# Table Saw Angles - Over 45 Degrees



## blackte (Apr 15, 2009)

I have this project that I'm building for a client. The corner unit is off-set on each side. The angle on the left is 57.5 degrees, the angle on the right is 31.5. These are the best angles I could get with the walls into the back corner. My problem is that I can not obviously rip an angle stronger than 45 degrees on my table saw. This angle is needed for both the face frame edge and the sides pieces of plywood. 

I messed around today with my face frame edge, and realized I could split the 57.5 in half and make a back band, but it did not look clean.

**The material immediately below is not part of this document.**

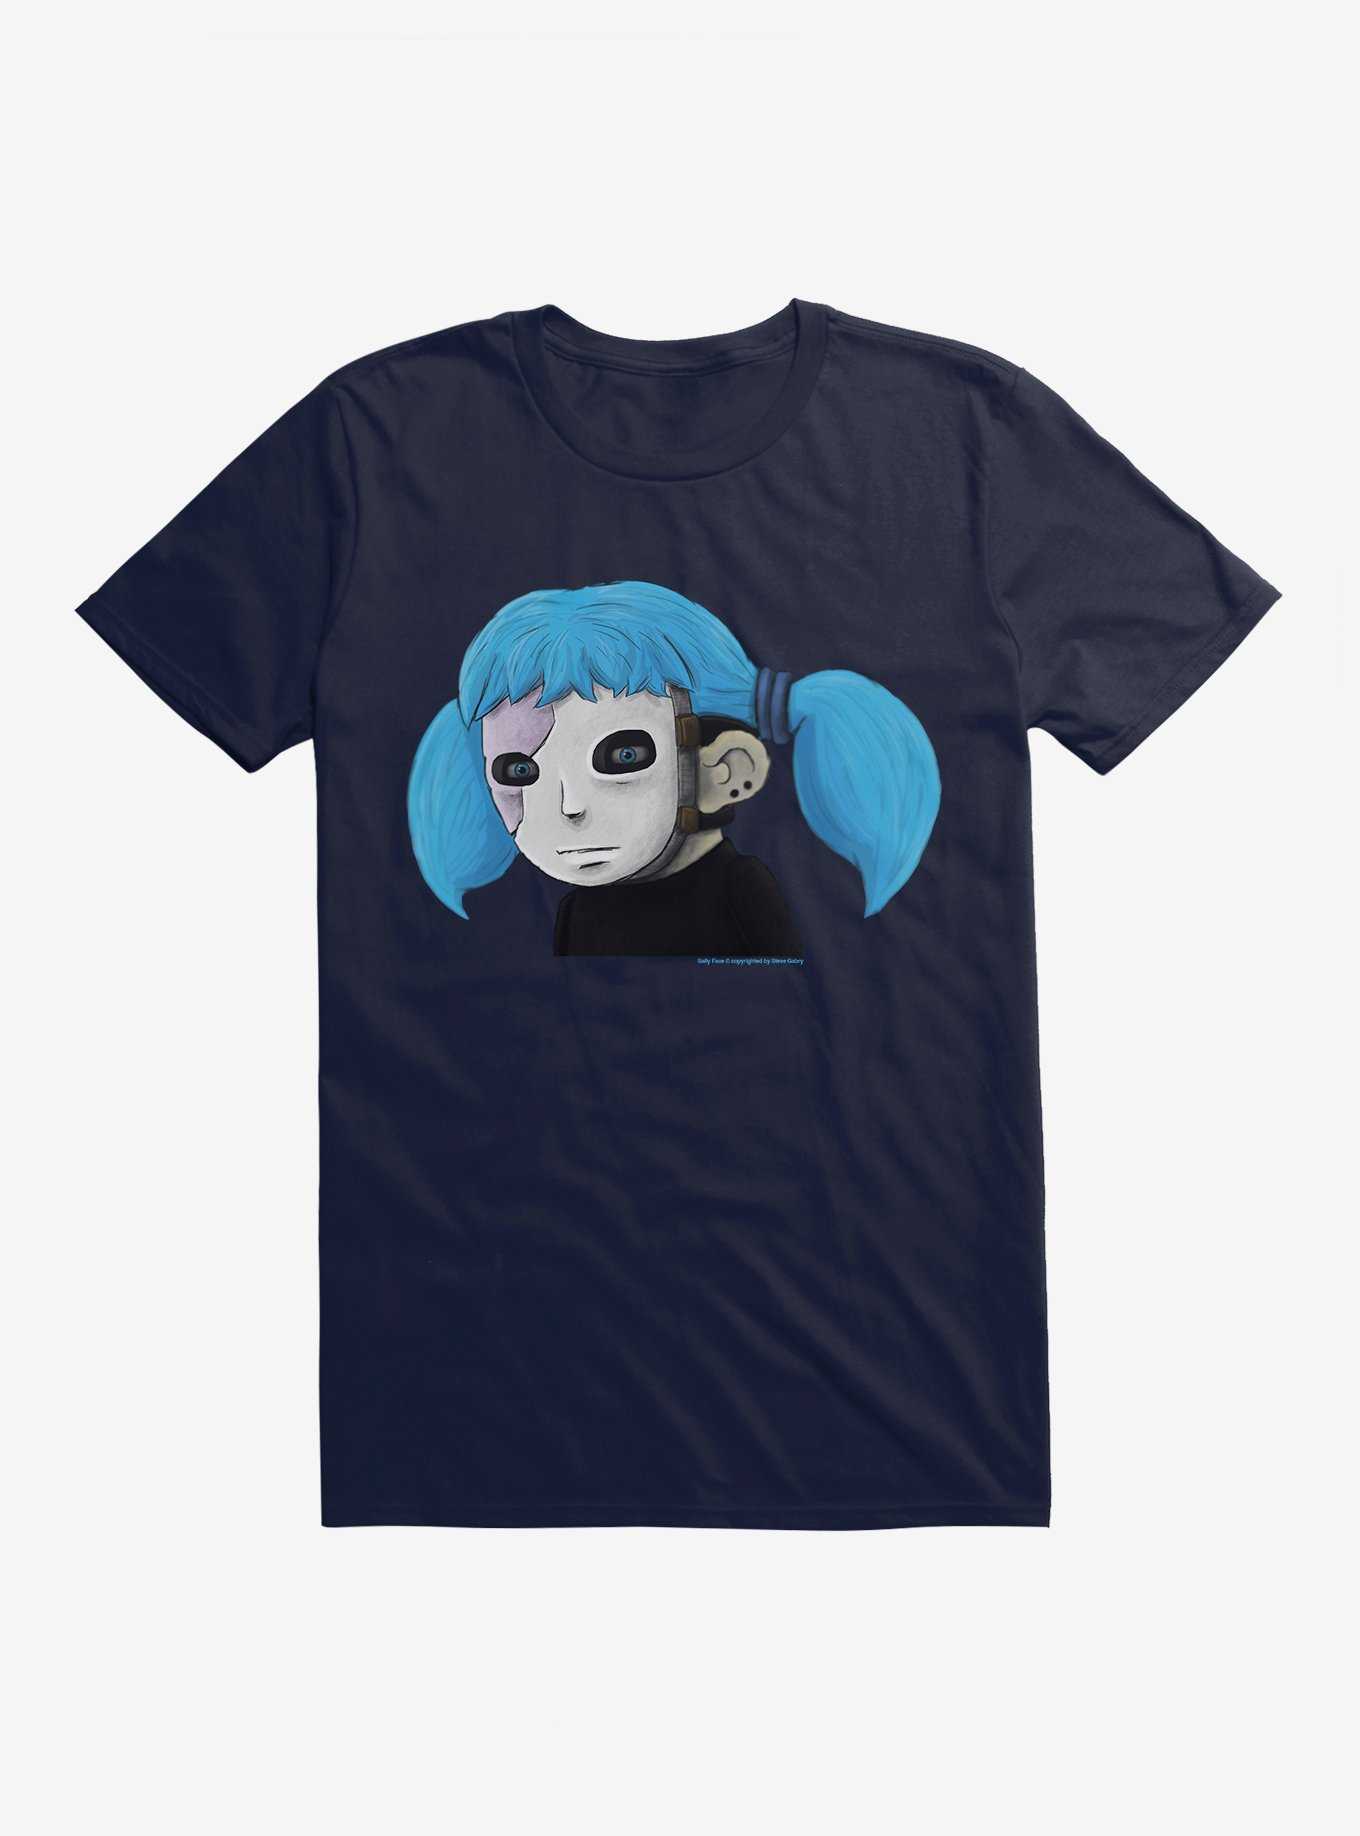 Sally Face Character T-Shirt, NAVY, hi-res

Has anyone come across this situation, and how did you resolve it? I'm only guessing someone has a real easy trick.

Thanks in advance for the help with this.


----------



## Trim40 (Jan 27, 2009)

You need a sled to hold the face frame vertical. Then tilt the blade to 32deg.


----------



## TBFGhost (Oct 9, 2008)

what he said...I do something similar when I need to rip an acute bevel on crown molding, but I use an aux fence at 45 degrees.


----------



## TBFGhost (Oct 9, 2008)




----------



## WarnerConstInc. (Jan 30, 2008)

I can tilt my table and fence at the same time. That can get you all sorts of silly angles and possibly a missing finger tip too.


----------



## Trim40 (Jan 27, 2009)

The finger tip is for filling in the knot hole. A true craftsman leaves a little piece of himself in his work.


----------



## EthanB (Sep 28, 2011)

Rip the angle on the edge pieces before you glue up the face frame. By putting the face of the stile against the fence you will be able to rip any angle your blade is long enough to complete e.g. setting the blade to 10 degrees and running the face against the fence would put an 80 degree angle on the piece.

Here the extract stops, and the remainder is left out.